Esta cronologia não é «inocente», dizem os economistas contactados pelo SOL. As sucessivas mudanças na remuneração dos produtos reflectem não apenas as condições de mercado, mas também as necessidades de financiamento do Estado. E, neste momento, a prioridade governamental é reduzir os custos do financiamento – quer no acesso aos mercados quer junto dos pequenos aforradores. Por isso, fez as contas e decidiu reembolsar o FMI mais cedo e agora desistiu de «premiar os pequenos investidores», explicam os especialistas.
Os mais antigos instrumentos de poupança estatal, os CA, registaram uma fuga recorde nos últimos anos, após o lançamento da série C dos certificados. Entre 2008 e 2012, o Estado perdeu um terço dos investidores. O número de aforradores desceu de cerca de 718 mil para quase 476 mil. Em 2013 e 2014, o Governo inverteu a tendência, conseguindo atrair investidores e conquistar um valor de subscrições superior aos resgates.
No ano passado, o retalho garantiu mais 5.000 milhões de euros ao Estado, assegurando um terço das suas necessidades de financiamento. Para este ano, a estimativa apresentada no Orçamento já foi mais conservadora. O Governo prevê captar 'apenas' 2.500 milhões. No entanto, quase dois terços do montante foram amealhados em Janeiro, o melhor mês de sempre. A corrida dos investidores aos balcões dos CTT foi a resposta ao anúncio de descida das taxas a partir de 1 de Fevereiro.
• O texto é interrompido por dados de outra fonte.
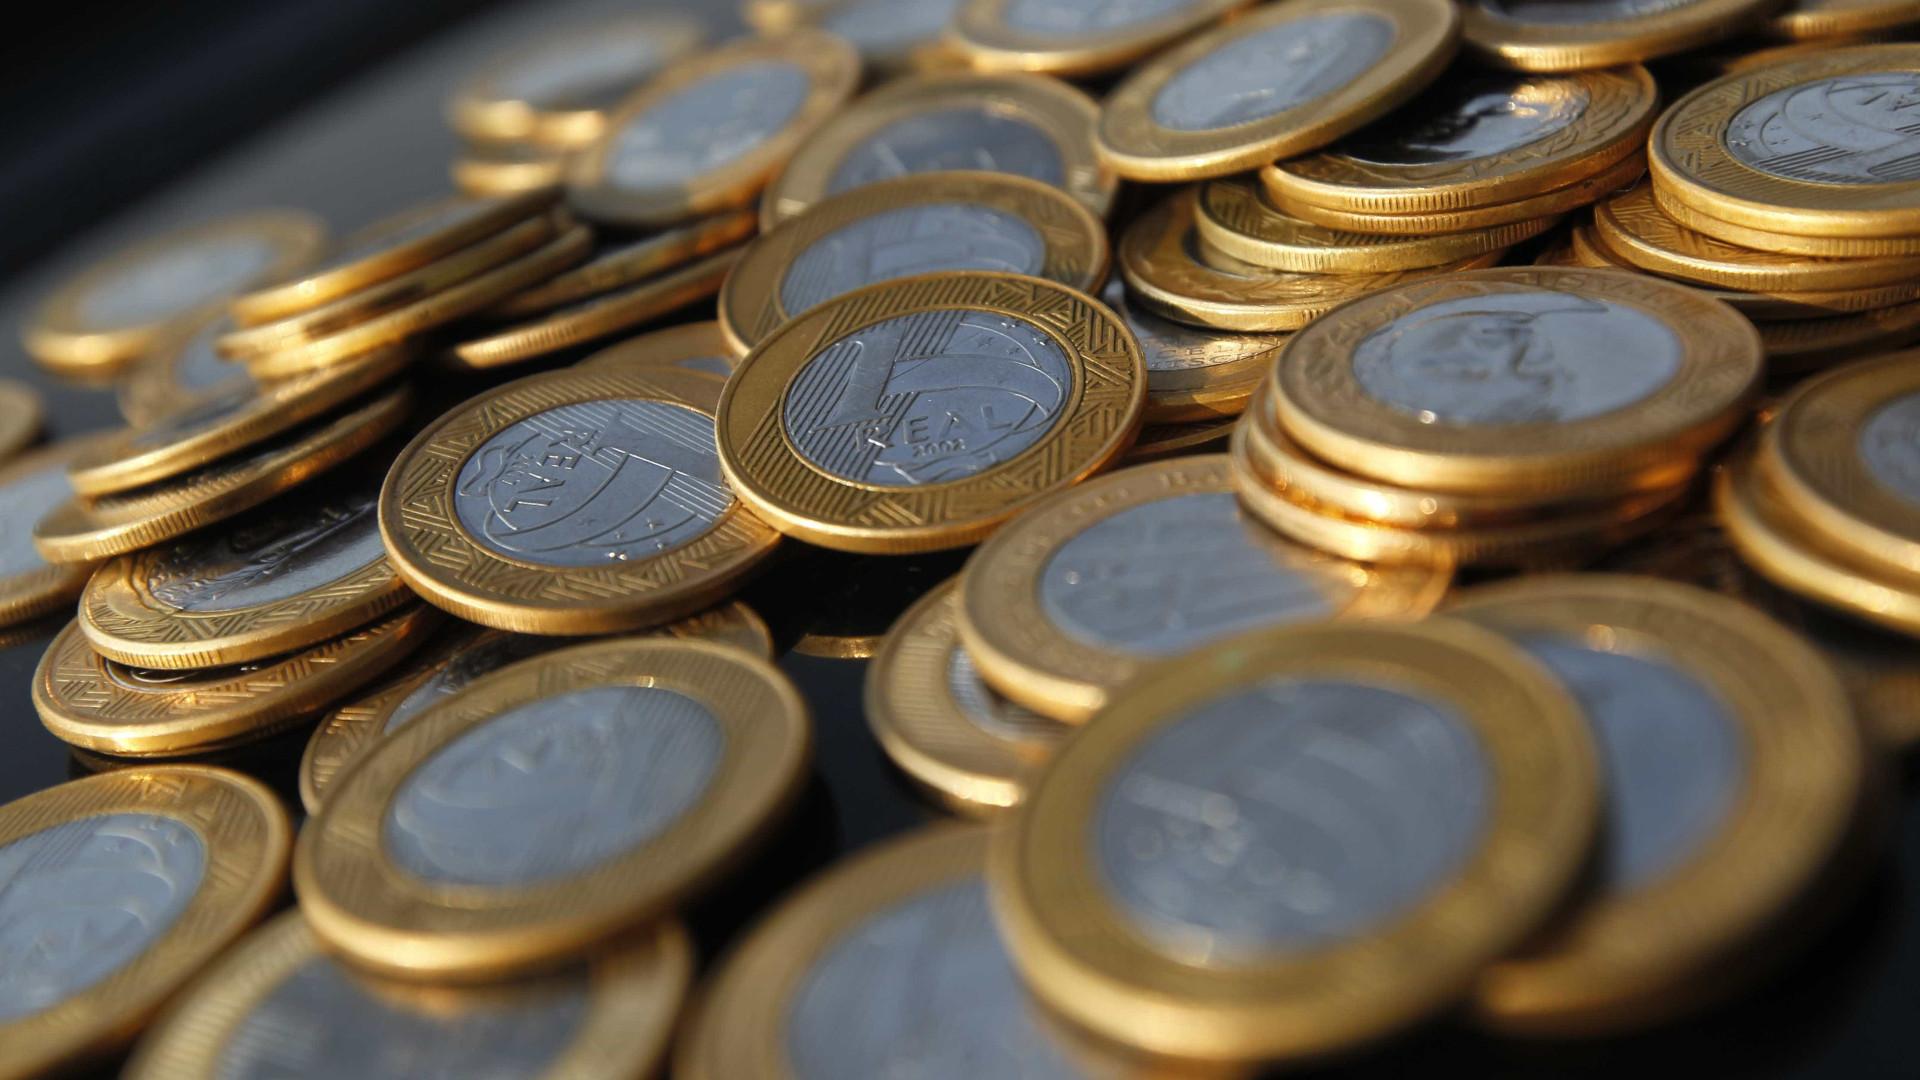 Valor do salário mínimo será de R$ 954 a partir de 1º de janeiro

O montante investido em certificados superou até os 1.240 milhões de euros colocados em Bilhetes do Tesouro nos leilões de Janeiro.
«Se o Estado consegue financiar-se a 30 anos a pouco mais de 4% fará menos sentido financiar-se a um ano a 3,2%», afirma João Pereira Leite, director de Investimentos do Banco Carregosa.
«O recurso aos pequenos aforradores faz parte do mix de financiamento do Estado. Tem sido estratégico manter uma base alargada de subscritores e, para tal, o Estado tem criado produtos que são atractivos. Tendo isso em mente, o Estado também tem como objectivo minimizar os seus custos de financiamento. Não fazia muito sentido que o Estado continuasse a premiar os aforradores com taxas que se podem considerar 'fora de mercado'», refere Filipe Garcia, economista da consultora IMF.
Também o economista João César das Neves considera que «o Estado, que nos tempos de crédito fácil tinha decidido acabar com os certificados, teve de voltar a usá-los intensamente, por falta de alternativas. Agora que voltou a tê-las, volta a desprezar o instrumento. O Estado emite, ou deixa de emitir, conforme mudam as condições financeiras. Por isso, diz que mata e depois ressuscita e agora volta a matar, para poder vir a mudar de ideias no futuro».